Kimberly had never heard exactly what had happened, just bits and pieces at different times, usually whenever her father was especially angry at her mother and throwing it up to her, that she’d been his second choice. She wondered if he’d tell her now?

“How did she die?” she asked carefully.

“Because Ian MacFearson was drunk, that’s how! He never would have had the nerve to run off with her if he’d been sober. And he stole her in the small hours of the night and sped with her across the border. She fell off her horse; died instantly. To this day, I don’t doubt that she jumped off deliberately, because she couldn’t bear to be dishonored by that blackguard. He claimed it was an accident, that her horse stumbled into a chuckhole and broke its leg, throwing her.” Cecil snorted. “Damned liar, just trying to place the blame other than where it belonged.”

“If he—loved her too, how did he take her death? He must have been as devastated as you were.”

“He blamed me, no doubt. Why else would he have wanted revenge?”

“Revenge?”

“Yes. I still needed a wife. Saw no reason to wait, since I didn’t think I’d ever love again. So I picked your mother. And Ian bided his time, waiting until we were engaged, then he set out to seduce Melissa into falling in love with him. He wanted me to know what it felt like, to love a woman who loves someone else. That was his revenge, because Ellie loved me, she didn’t love him. And it worked. I don’t doubt Melissa loved him till the day she died.”

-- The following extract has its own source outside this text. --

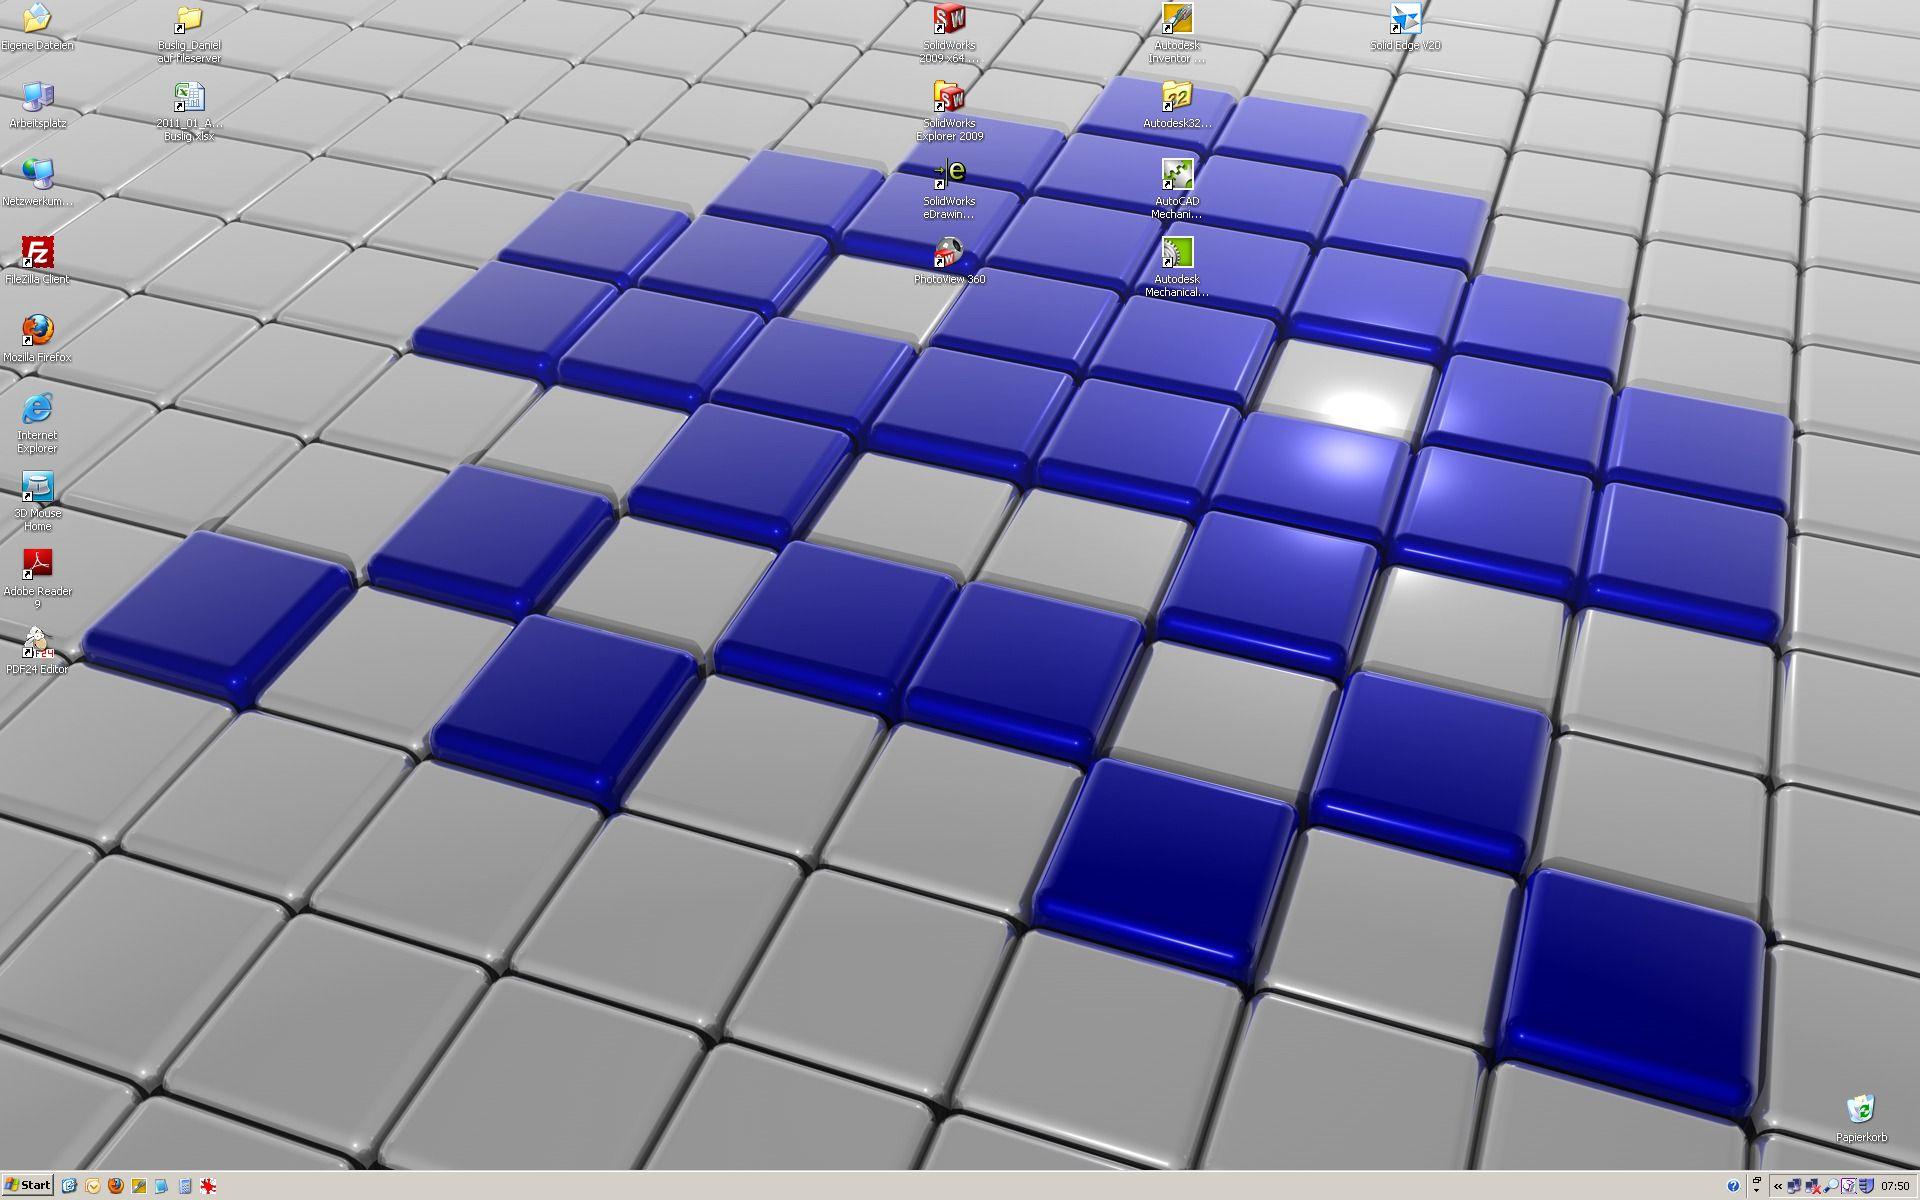 http://www.abload.de/img/desktopadensoo6mm.jpg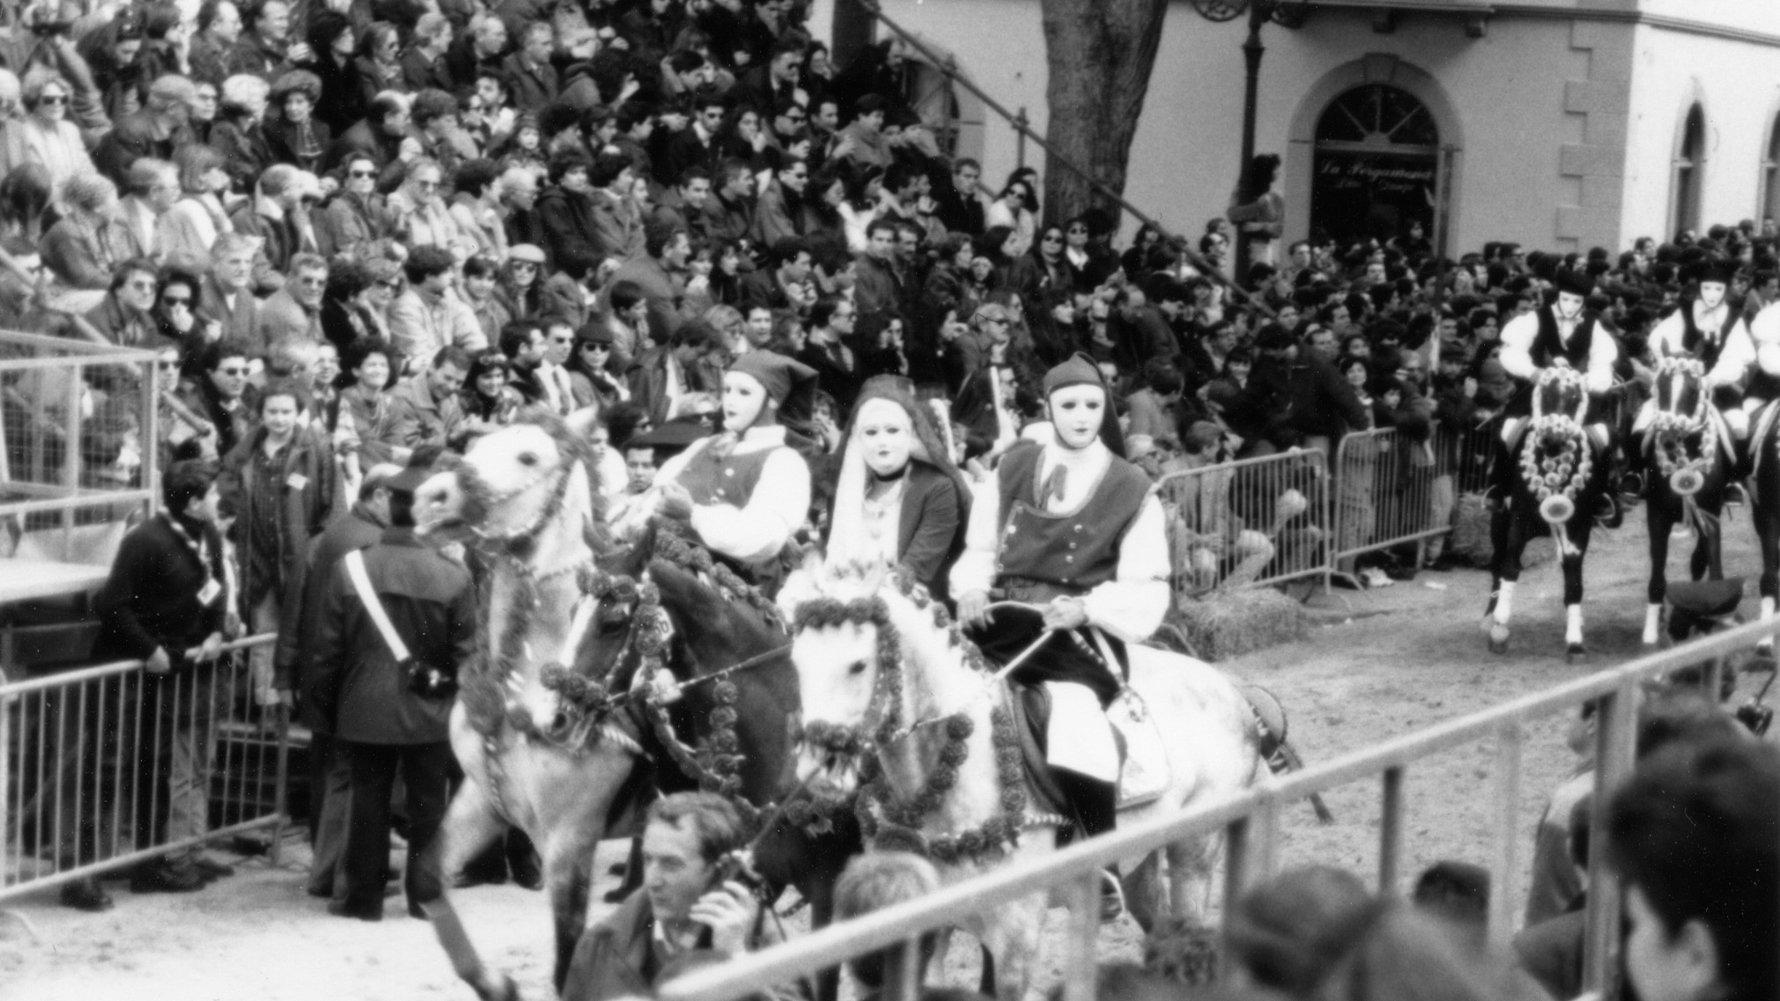 Sa Sartiglia 2020, Oristano's Equestrian Carnival © frabuleuse - Flickr

Could that possibly be true? Kimberly had suspected there had been no love between her parents, knew there’d been no closeness, at least that she’d ever witnessed. They simply lived in the same house, went to the same functions together, but rarely spoke to each other. Through all those years, could her mother really have loved another man?

And then Cecil laughed, an ugly sound, and added somewhat smugly, “But the joke was on him, because I didn’t love her. I only married her because I needed a wife, and I didn’t care who. He moved back to Scotland, though, before I could tell him his efforts had been wasted. And I had the last laugh, because he didn’t even know he’d left you behind, the fool.”

Kimberly went very still, her breath suspended. “What do you mean, he left me behind?”

Cecil blinked, seemed surprised by her question. But then he shrugged, saying, “You’re going your own way, foolish enough to marry that Highlander. So there’s no reason for you not to know the truth now.”

“Whattruth?”

“You ain’t mine, gel. You’re all over his, same eyes, same hair, same mouth—same smile. I despise that smile of yours, you know, the way it reminds me of him. And anyway, your mother admitted it, took pride in admitting it, by God. But I called you mine. There was nothing else to do, after all. And I didn’t really care. Didn’t expect to be having an heir off her anyway, since I wouldn’t touch her, knowing she loved Ian. Couldn’t divorce her, much as I’d have liked to later. The scandal, you know. So I was stuck with her—and you.”

Kimberly slowly shook her head, so shocked she could barely get her next words out. “It’s not true. Mother would have told me.”

Cecil snorted. “When I made her swear she wouldn’t? Don’t be stupid, gel. Her promise was the only thing that kept me from kicking the both of you out and letting the world know about her shame.”

He wasn’t her father. He wasn’t her father. He wasn’t…The refrain kept running through her mind, trying to make sense, and then it really clicked, that this cold tyrant of a man wasn’t related to her at all. And that little knot of guilt that she’d always carried, for not loving him, for actually hating him for most of her life, dissolved suddenly. She almost smiled. Actually, she felt like laughing.

He wasn’t her father and she was—delighted.

And he’d never told anyone—until now. But knowing him as she did, Kimberly doubted that her mother’s promise had kept him silent. It was more likely his desire to not have it publicly known that he’d been cuckolded, she thought cynically.